Data shown:
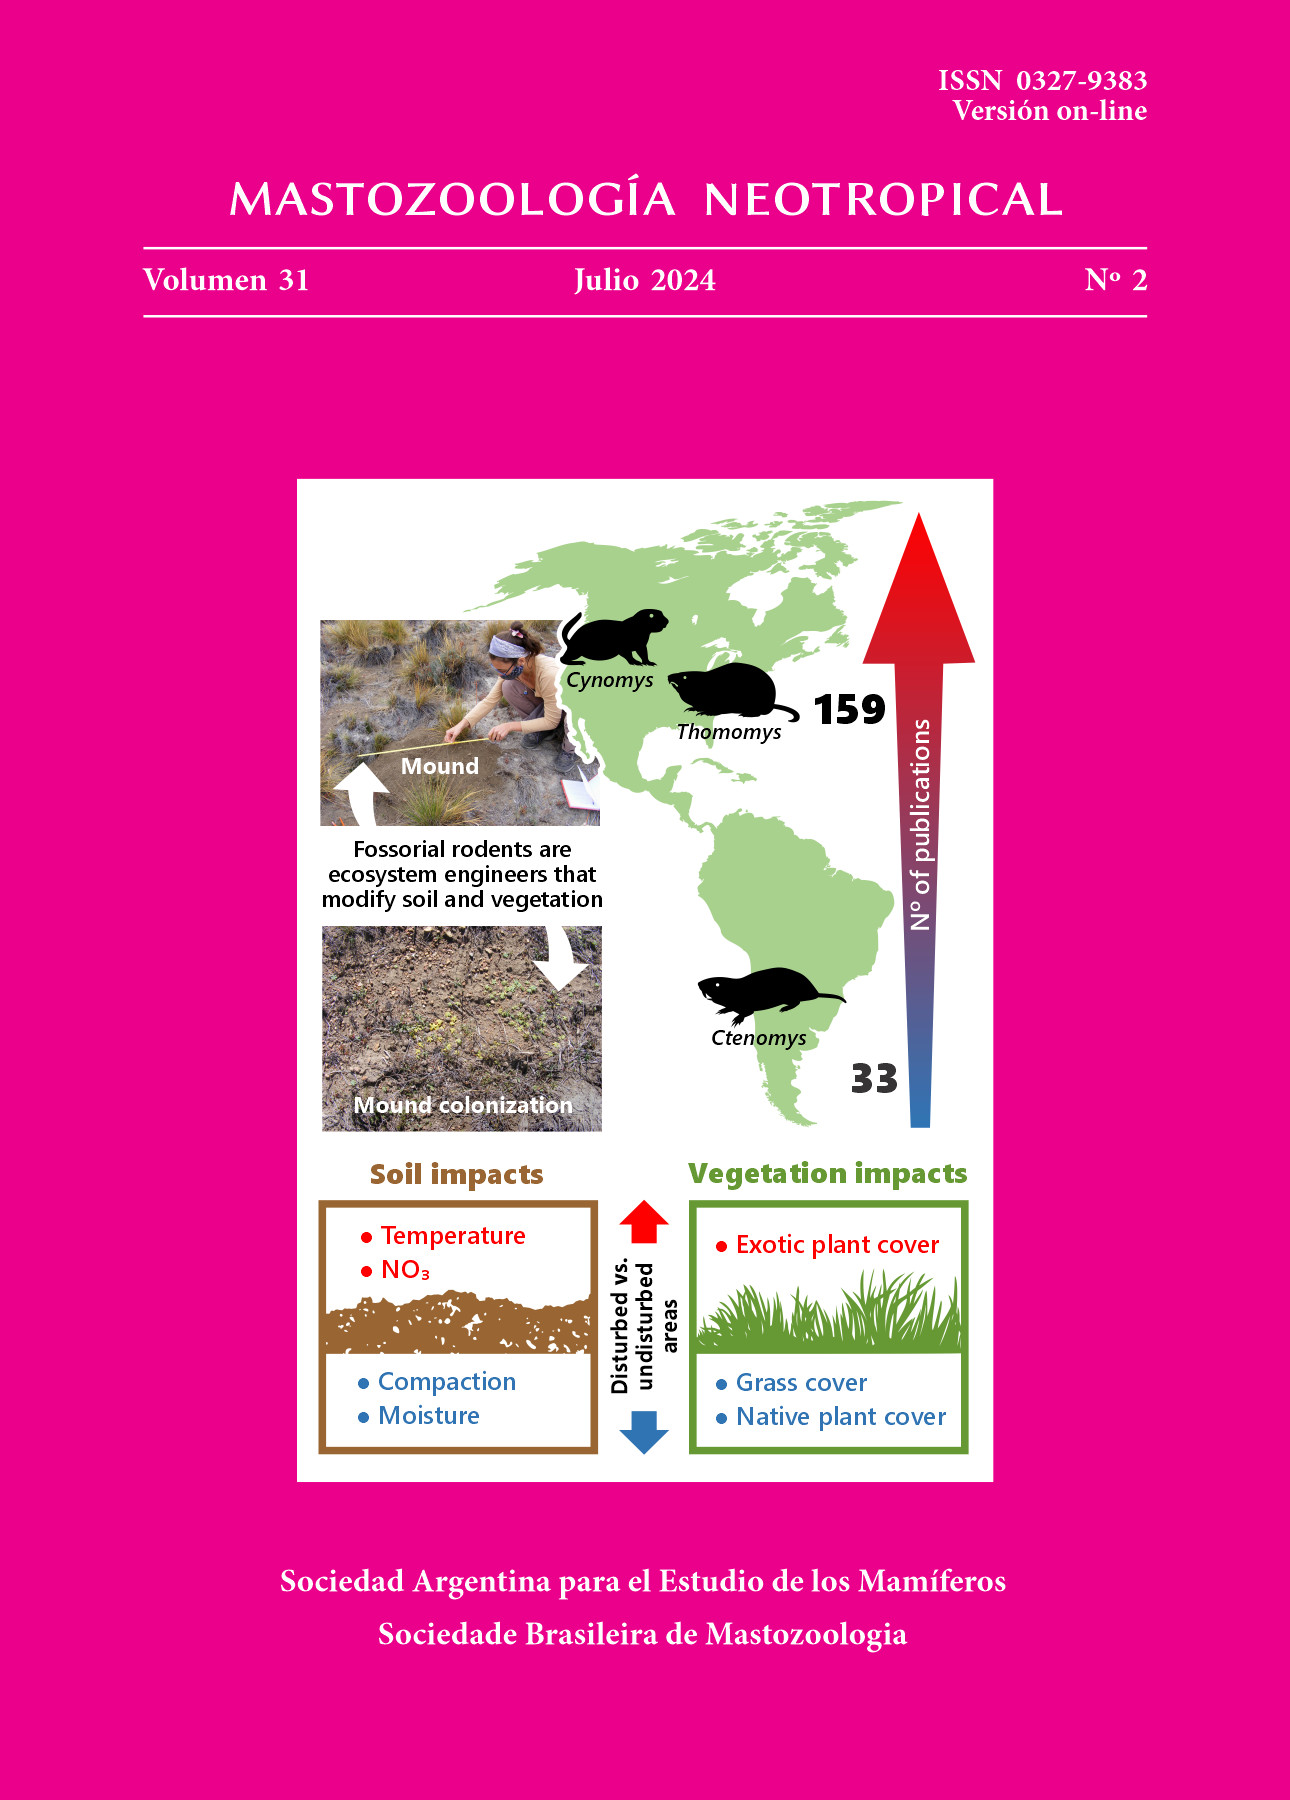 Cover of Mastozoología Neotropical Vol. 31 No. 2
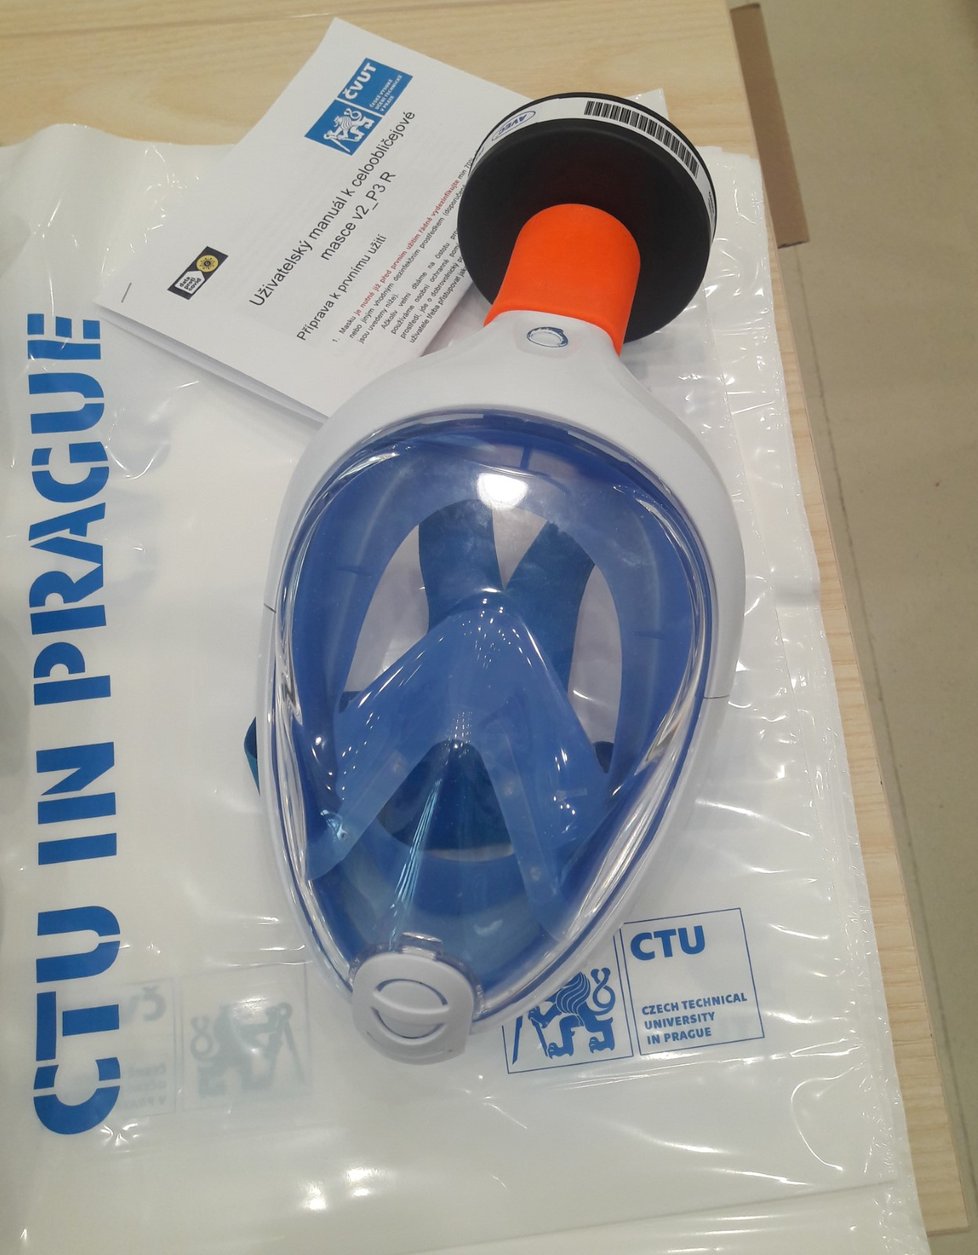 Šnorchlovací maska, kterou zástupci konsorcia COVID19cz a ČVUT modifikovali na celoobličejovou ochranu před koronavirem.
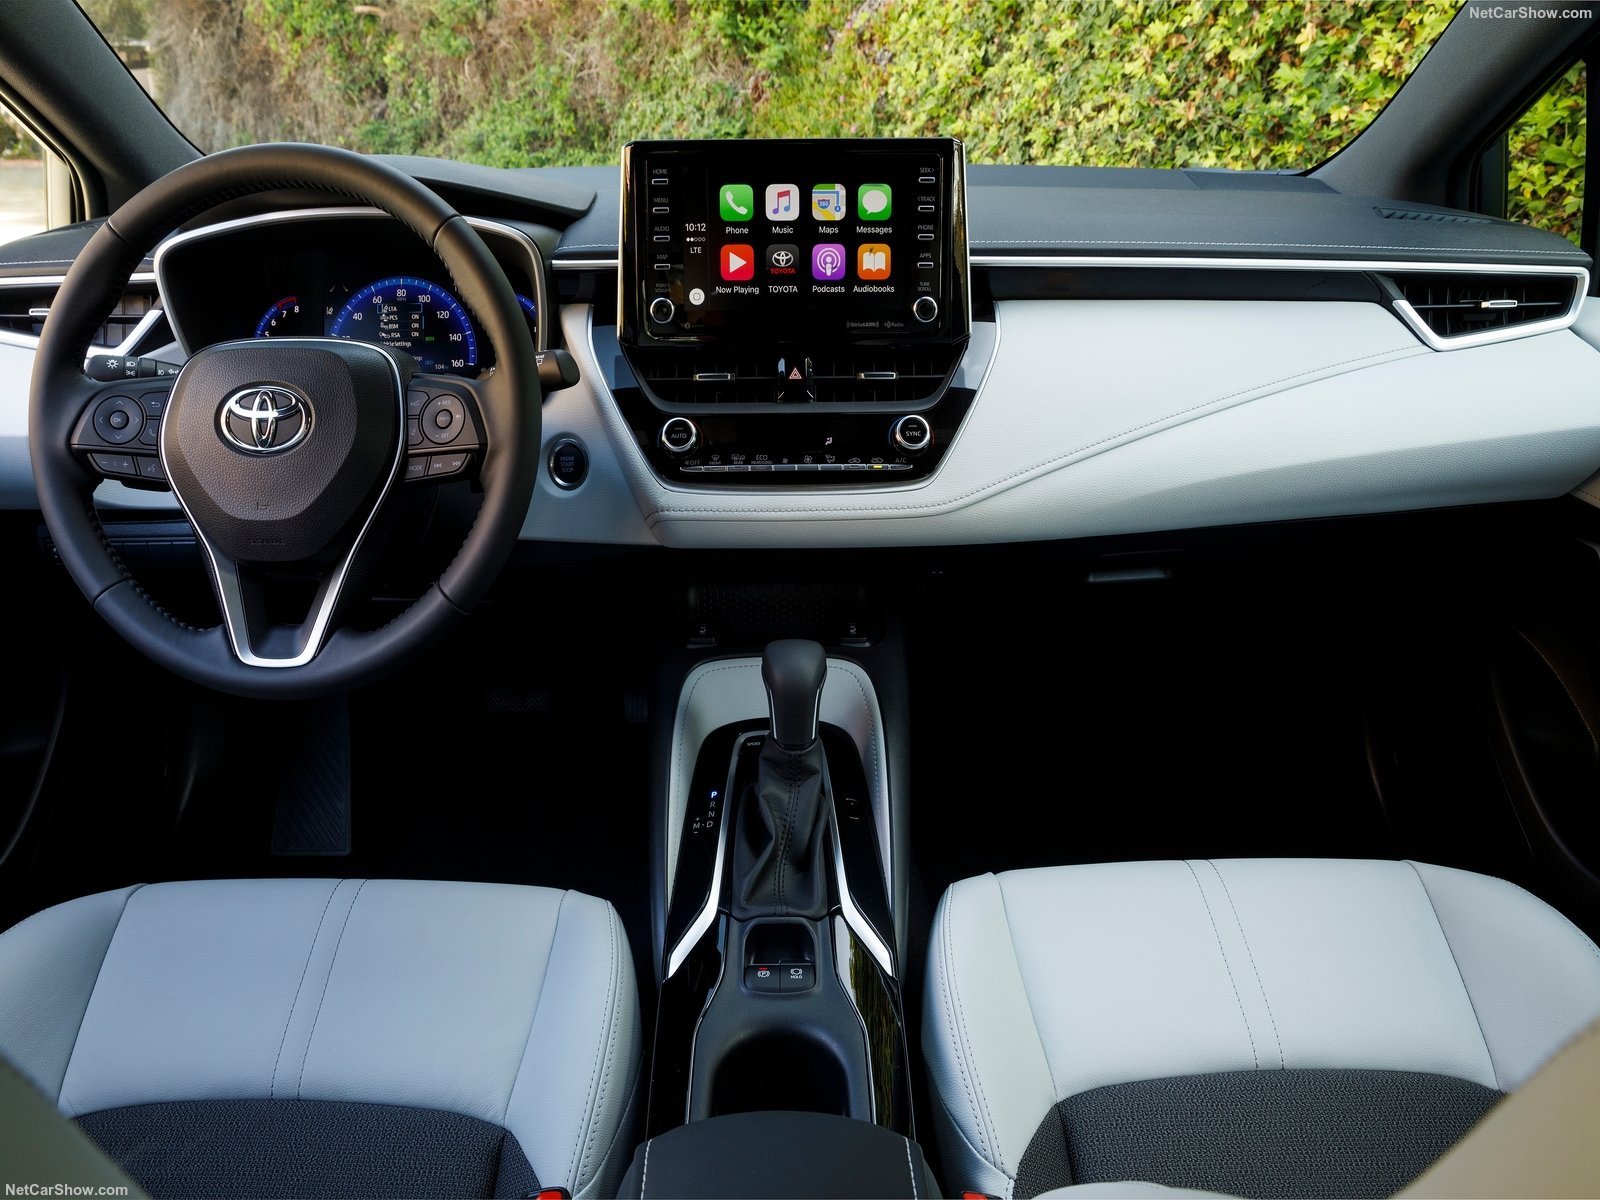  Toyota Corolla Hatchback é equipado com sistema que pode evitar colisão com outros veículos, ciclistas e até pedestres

What to produce: The answer must repeat every line of the listing exactly and leave the pictures out.

Response to the exercise:
 Cover of Mastozoología Neotropical Vol. 31 No. 2
 Šnorchlovací maska, kterou zástupci konsorcia COVID19cz a ČVUT modifikovali na celoobličejovou ochranu před koronavirem.
  Toyota Corolla Hatchback é equipado com sistema que pode evitar colisão com outros veículos, ciclistas e até pedestres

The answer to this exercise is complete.